- **WHAT IS NEEDED**
Leave the images aside and repeat the whole listing exactly.

- **DATA SHOWN**

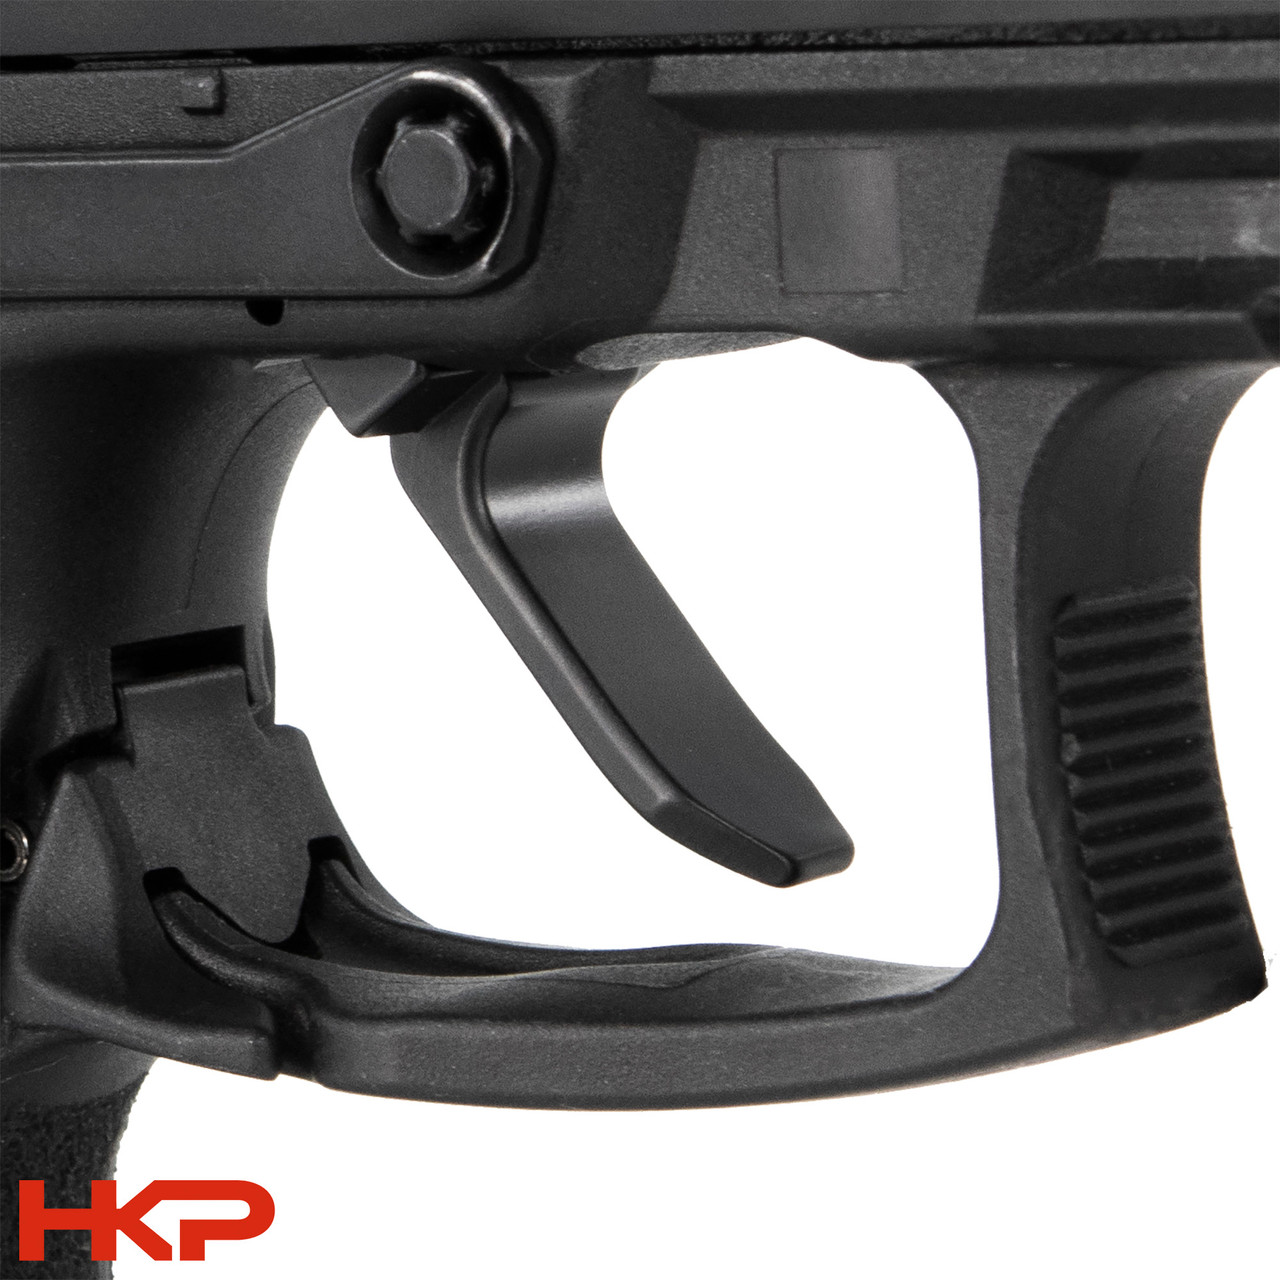 HK USP Straight Trigger - Grayguns
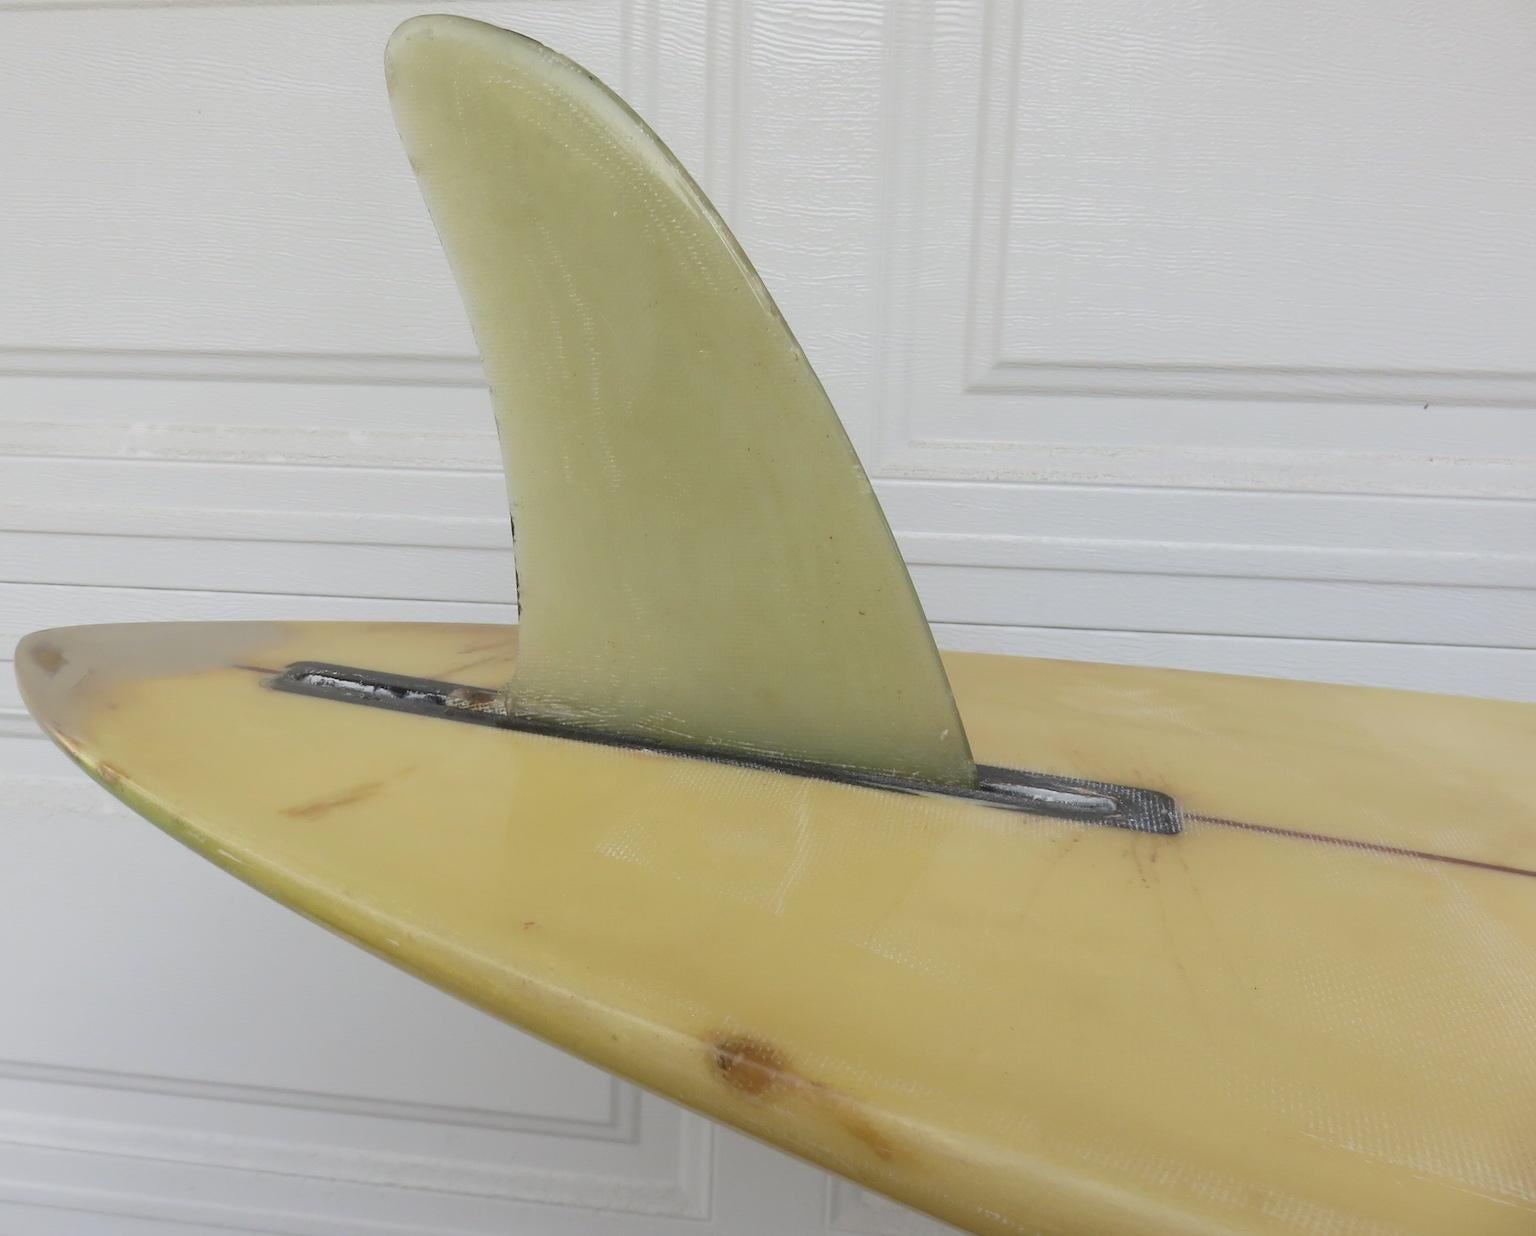 American 1970s Vintage Zephyr Surfboard by Jeff Ho
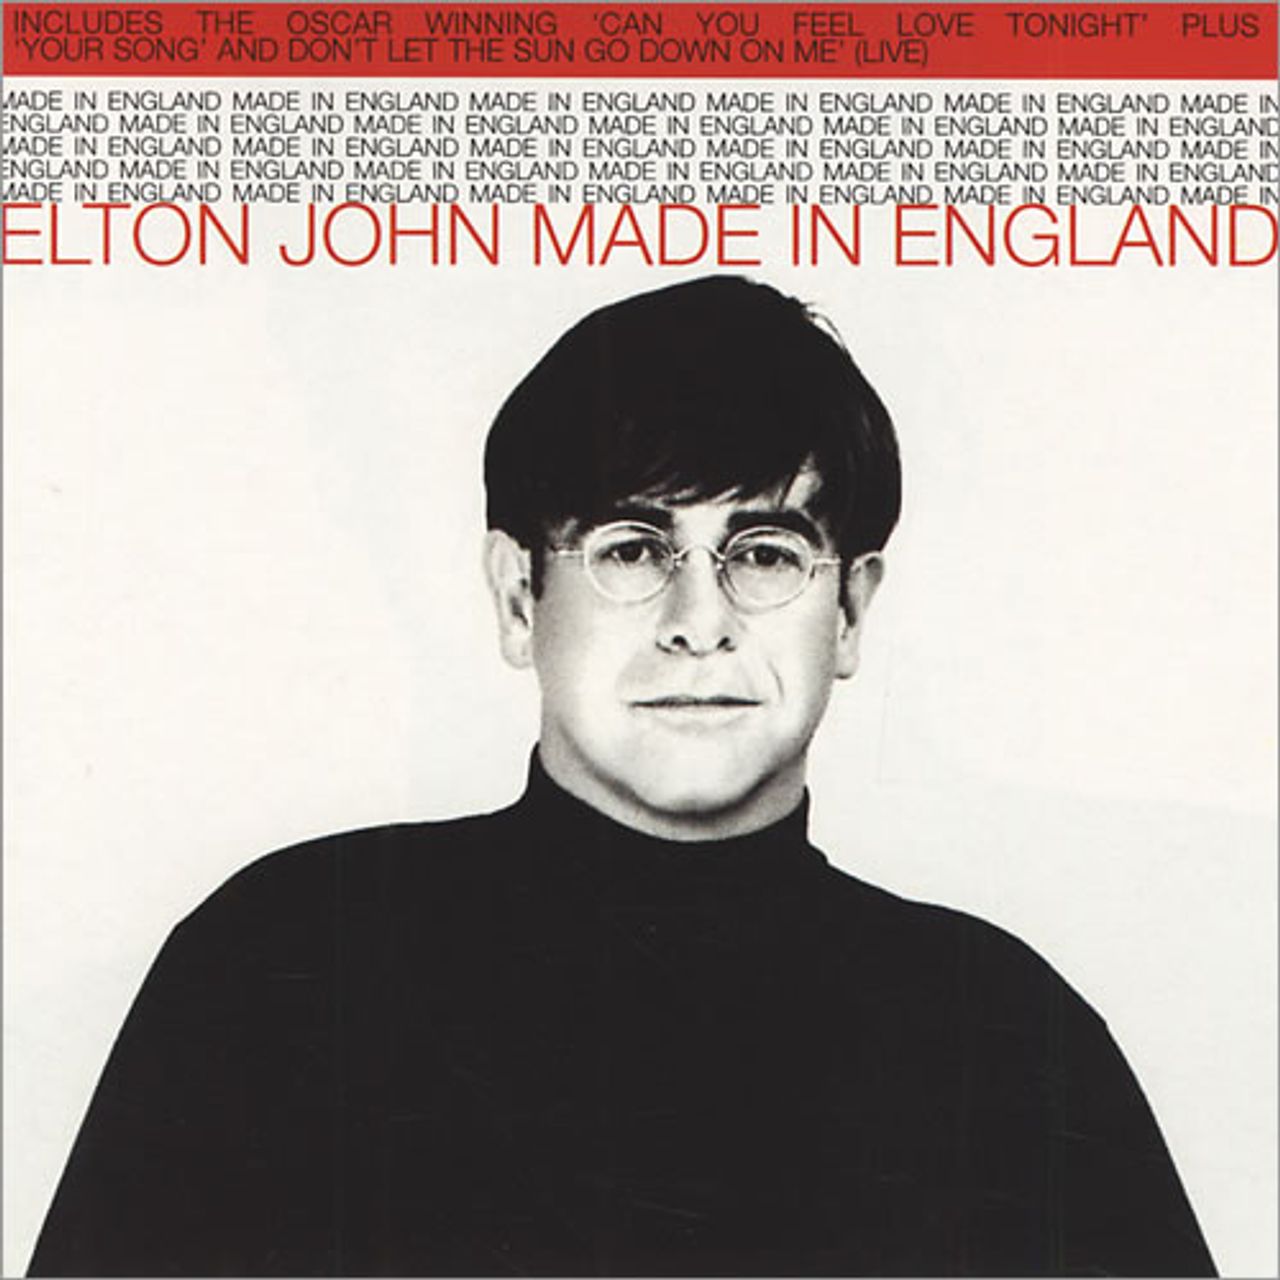 Elton John Made In England UK 2-CD single set — RareVinyl.com
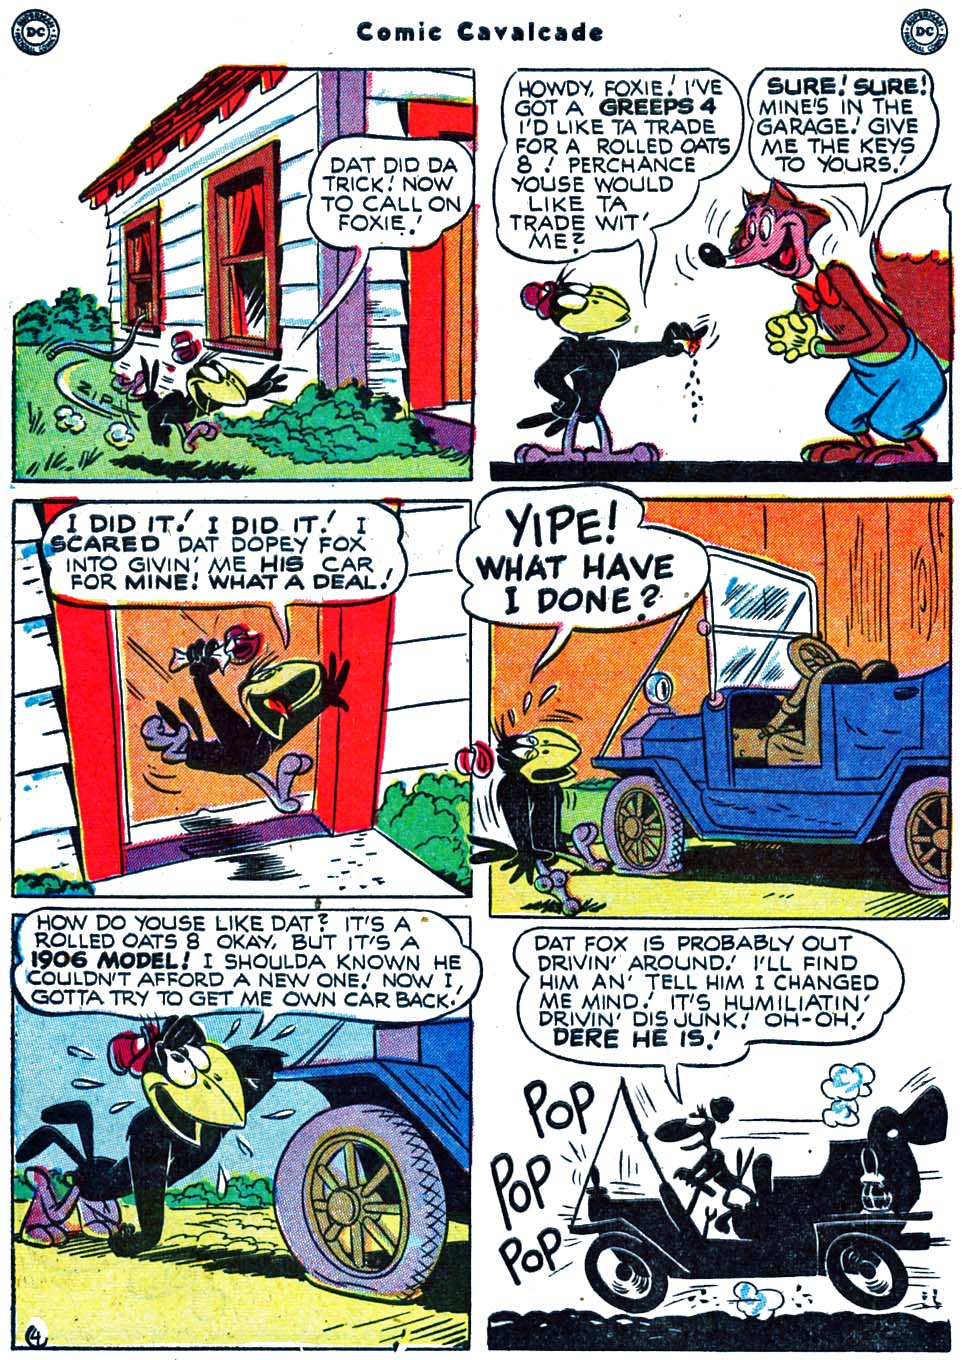 Comic Cavalcade issue 39 - Page 6

- **WRITTEN REPLY**
 HK USP Straight Trigger - Grayguns
 American 1970s Vintage Zephyr Surfboard by Jeff Ho
 Elton John Made In England UK 2-CD single set — RareVinyl.com
 Comic Cavalcade issue 39 - Page 6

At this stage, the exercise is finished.